Vice chancellor of Delta State University, Abraka
- In office 2019 – Nov 30, 2024
- Preceded by: Victor Peretomode
- Succeeded by: Samuel Asagba

2nd Substantive Rector of Delta State Polytechnic, Ogwashi-Uku
- In office 2007–2011
- Preceded by: James Ovri
- Succeeded by: Edna Nneka Mogekwu

Personal details
- Born: April 4, 1960 (age 66) Issele-Uku, Delta State
- Party: Non-Partisan
- Spouse: Ebele Egwunyenga

= Andy Egwunyenga =

Nigerian Professor of Zoology

Andy Ogochukwu Egwunyenga (born April 4, 1960) is a Nigerian Professor of Zoology who was the 2nd substantive Rector of Delta State Polytechnic, Ogwashi-Uku and He served as the 7th substantive Vice Chancellor of Delta State University, Abraka till 1 December 2024.

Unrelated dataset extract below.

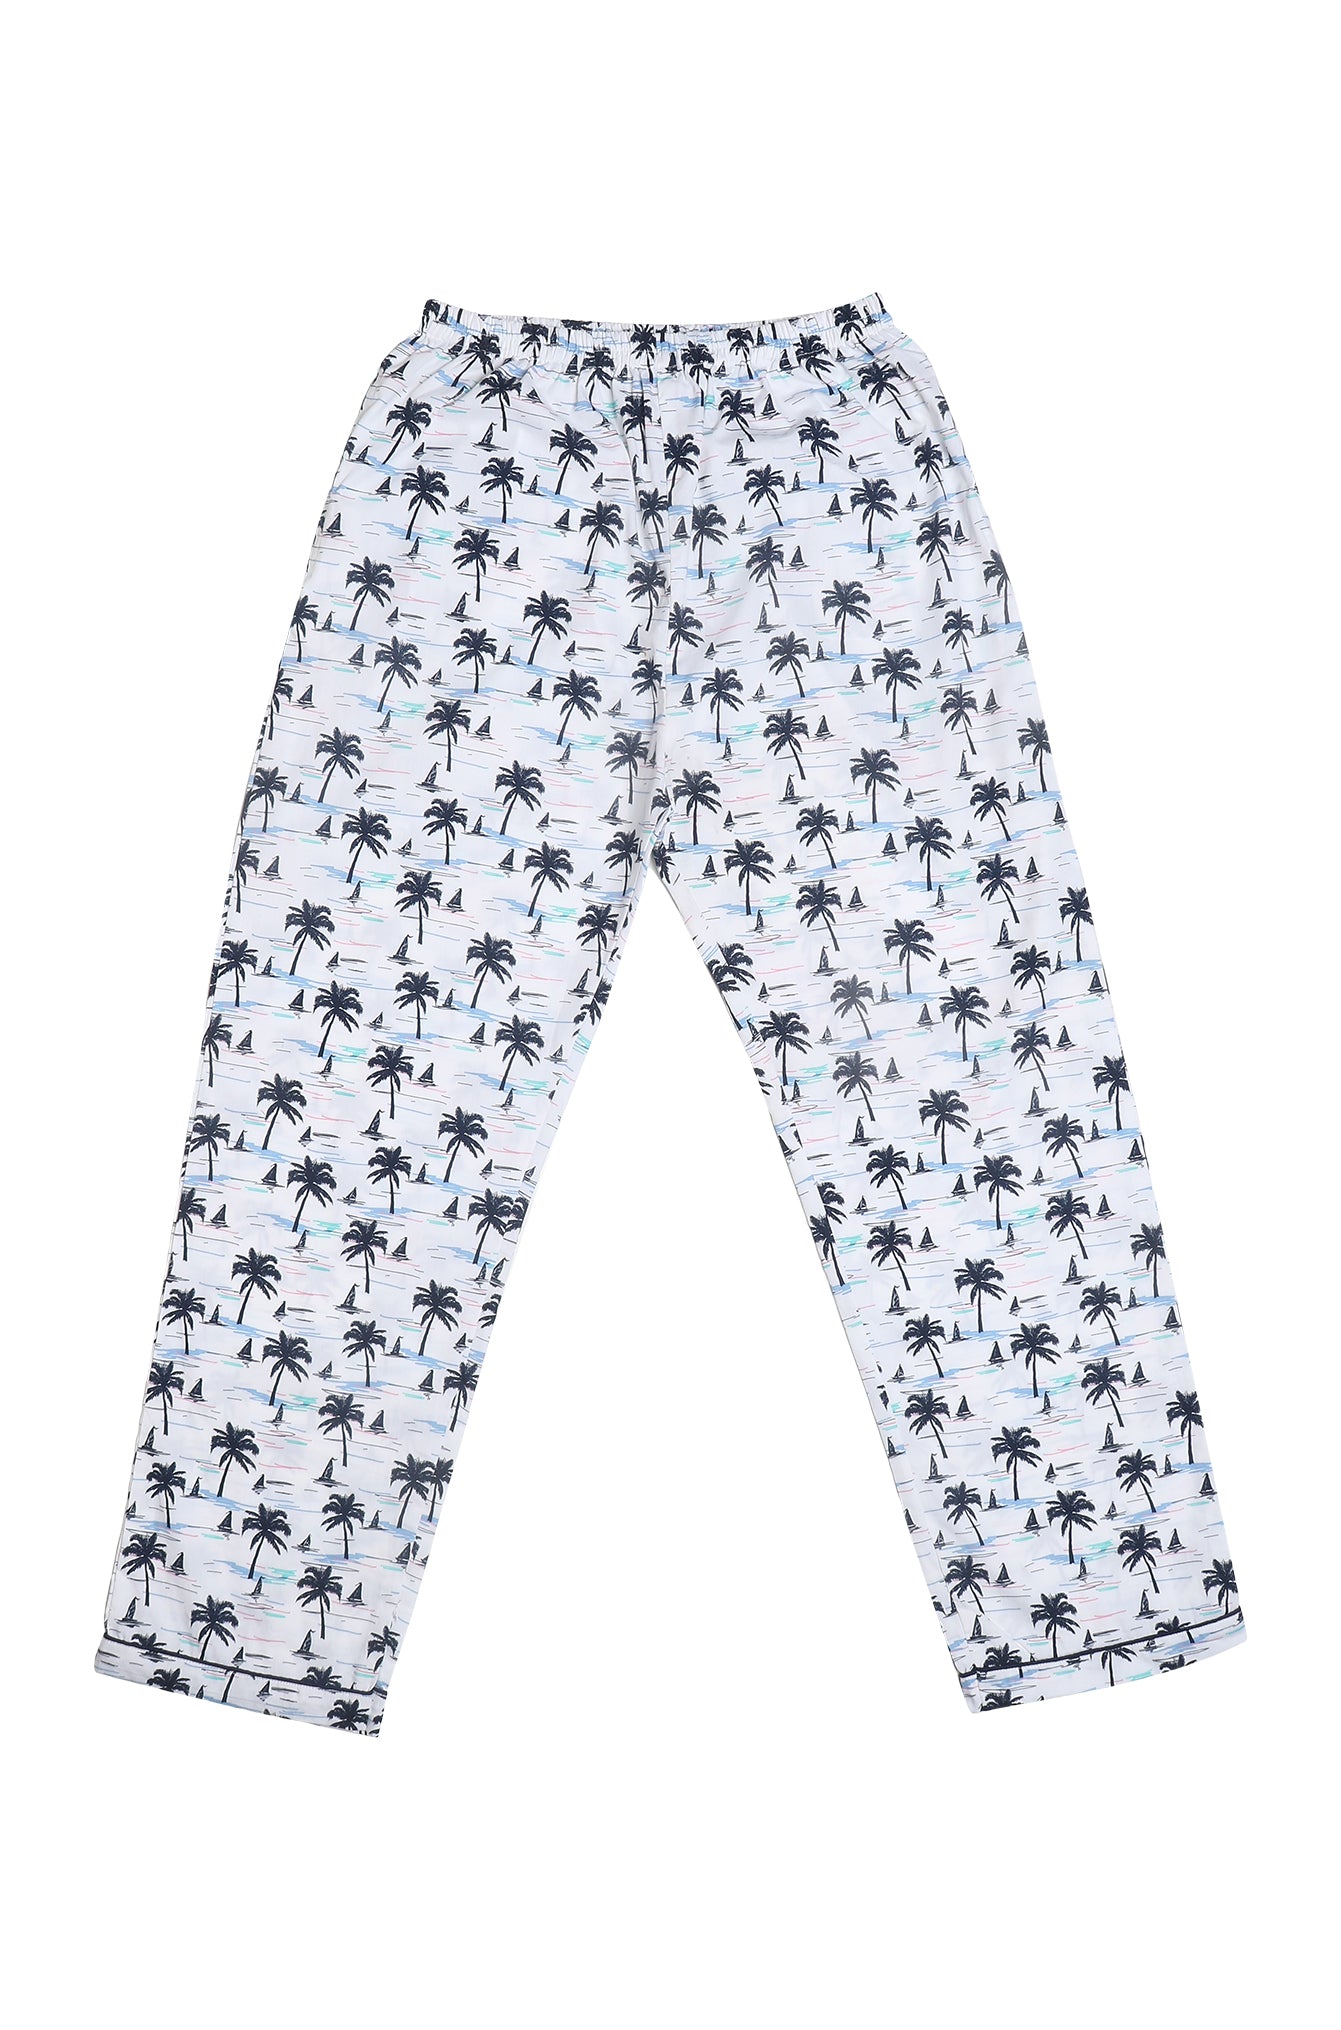 Single Pyjama (AA) [Buy 1 Get 1 Free]

== Background and early life ==
Andy Egwunyenga obtained his First School Leaving Certificate in 1969; he received a West African Secondary School Certificate from Federal Government College, Kaduna State in 1979.
He studied zoology at the University of Lagos, where he obtained his B.Sc. in 1982. In 1990, he received a Master of Science (M.Sc.) degree in zoology with specialization in Applied Entomology and Parasitology from the University of Jos, Plateau State, and he became a professor of zoology at the Delta State University in 2005. He was appointed Second substantive Rector of Delta State Polytechnic, Ogwash Ukwu in 2007 and served until his tenure expired in 2011.

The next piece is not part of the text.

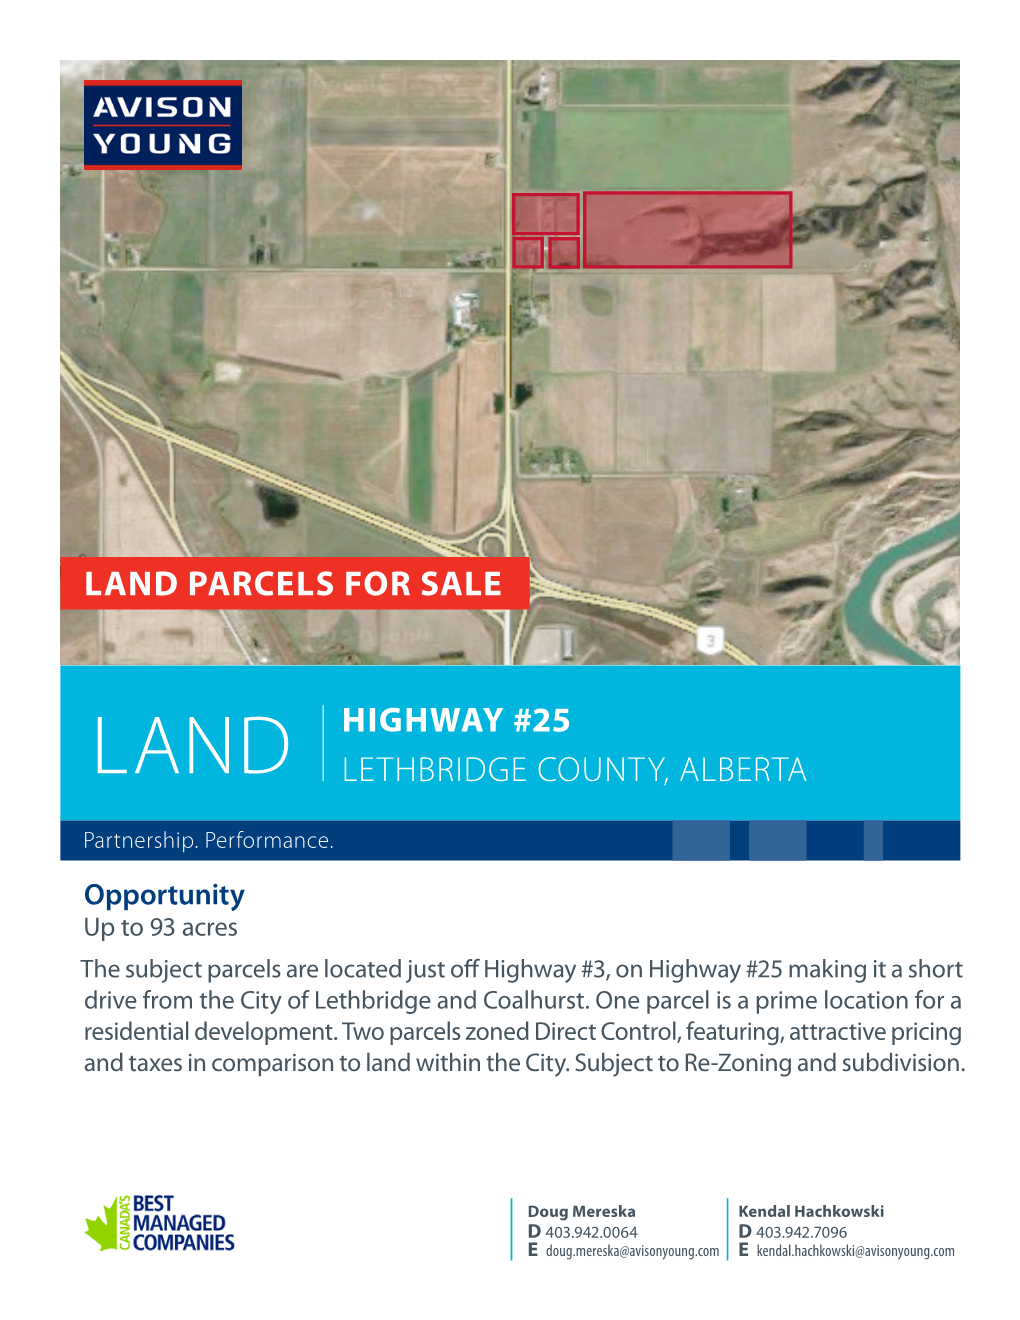 Highway #25 Lethbridge County, Alberta Land

== 7th substantive Vice Chancellor of DELSU ==
On December 1, 2019, Andy Egwunyenga was appointed the seventh substantive Vice Chancellor of Delta State University, Abraka by Governor Ifeanyi Okowa to replace Victor Peretomode, and assumed duty on December 2, 2019.

== Personal life ==
Andy Egwunyenga is married to Ebele Egwunyenga who is also a professor in the Department of Educational Administration, Delta State University, Abraka, and they are both blessed with a daughter.

== Selected publications ==
- A.O Egwunyenga, J.A Ajayi, O.P.G Nmorsi, DD Duhlinska-Popova (2001). Plasmodium/intestinal helminth co-infections among pregnant Nigerian women, Memórias do Instituto Oswaldo Cruz 96 (8), pp. 1055–1059.
- O.P.G Nmorsi, O.A Egwunyenga, N.C.D Ukwandu, NQ Nwokolo (2005). Urinary schistosomiasis in a rural community in Edo state, Nigeria: Eosinophiluria as a diagnostic marker, African Journal of Biotechnology 4 (2), pp. 183–186.
- O.A Egwunyenga, D.P Ataikiru (2005). Soil-transmitted helminthiasis among school age children in ethiope East local government area, delta state, Nigeria, African Journal of Biotechnology 4 (9)
- O.A Egwunyenga, Ajaiyi J.A, Duhlinska Popova D.D and Nmorsi O.P.G (1996). Malaria infection of the cord birth weights in Nigerians. The Central African Journal of Medicine. 42(9), pp. 265–268.
- O.A Egwunyenga, Onojaife J. O and Nmor J. C (2016). Evaluation of the physico chemical indices of blackflies (Diptera: simuliidae) breeding sites in Delta State, Nigeria: implications for Onchocerciasis control. Journal of Coastal Life Medicine. 4(11), pp. 856–860.